We had a day on the farm cleaning up today, which was rather sad.

It was a cold and blustery day – you can tell it was blustery from the angle of the feeder in the picture, but you’ll have to take my word for the temperature.

We spoke to the lady who is moving in to run a project, agreed a price for the polytunnel and found out that she is now on version 9 of her plan for the site as the farmer and incoming tenants keep changing their minds about what she can have. That’s life on the farm – you pay your rent and you get messed about.

It seems that the architects will be flattening the allotment area – all the herbs, the rhubarb and the keyhole beds are under threat. The plan is to erect a selection of yurts and garden rooms.

According to the internet there were two Waxwings in the neglected orchard in Flintham so we went to look for them as it’s only the next village. We didn’t see any, though there were plenty of Fieldfares about.
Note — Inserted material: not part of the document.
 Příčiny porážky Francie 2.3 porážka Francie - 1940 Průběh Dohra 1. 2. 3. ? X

Best bird of the day turned out to be a Redpoll perching in a tree by the Ecocentre when we pulled up. That’s now the seconf redpoll we’ve had at the centre and the first for this year. I managed one blurred photo before it flew away.



In the afternoon we tried again – no Waxwings, but there were about 60 Fieldfares with a dozen Blackbirds and a single, silent, Long-tailed Tit.
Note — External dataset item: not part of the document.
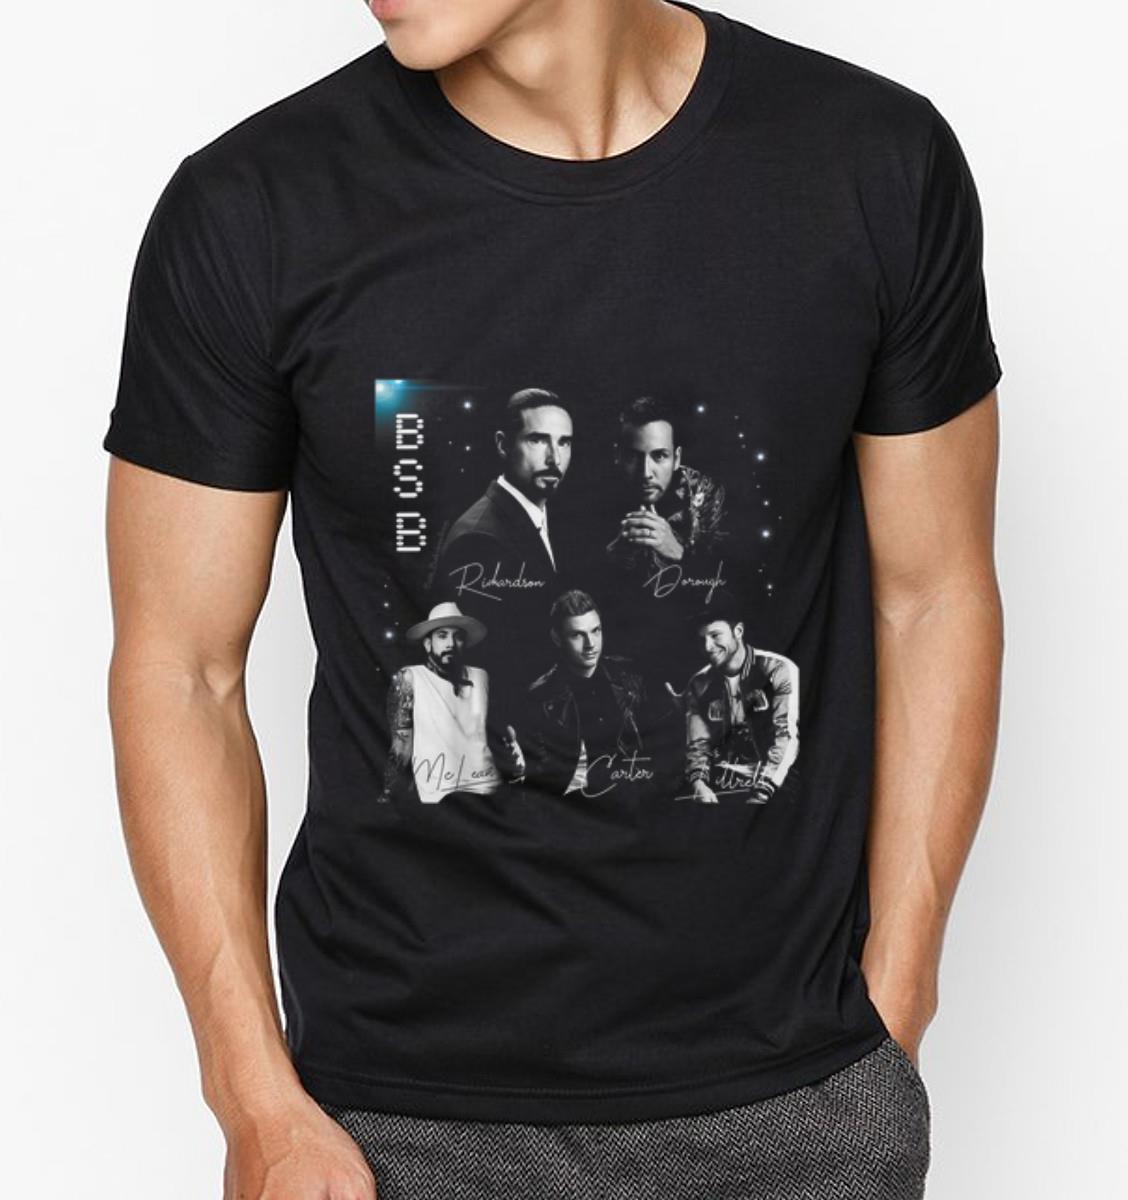 Backstreet Boys Christmas Sweater.Top Backstreet Boy Member Signature Bsb Shirt

13 thoughts on “Cleaning up

  1. clarepooley33

    What an uncomfortable time you are having at the moment! I hope (and am sure) you will feel better once you have left the farm completely and can concentrate on looking forward instead of looking back. You and Julia appear to have so much to offer – so much knowledge and so many skills that I am sure you will find something satisfying to do very soon.

  2. tootlepedal

    The waxwings are a great treat when you see them and a great disappointment when you don’t. Since I hardly ever see a waxwing, I am going to try to stop thinking about them.

    1. quercuscommunity

      We lasted five and a half years, which is three years longer tham anyone else has managed. I’d like to see her succeed but I’m already worried she’s been messed about already.

    1. quercuscommunity

      Yes, we have rescue plans for next week – plants will be lifted, the soil from the keyhole beds will be moved and the two bins of good compost will be redeployed. We will bring a lot of the plants home and the rest, plus the soil and compost will go to the incoming project.

  3. beatingthebounds

    It hardly seems appropriate to ‘like’ this post given what’s happened at the farm.
    I don’t often see Fieldfares (I know that they are common visitors), but I have seen and managed to photograph some this week. Redpoll and waxwings I’ve only ever seen once each.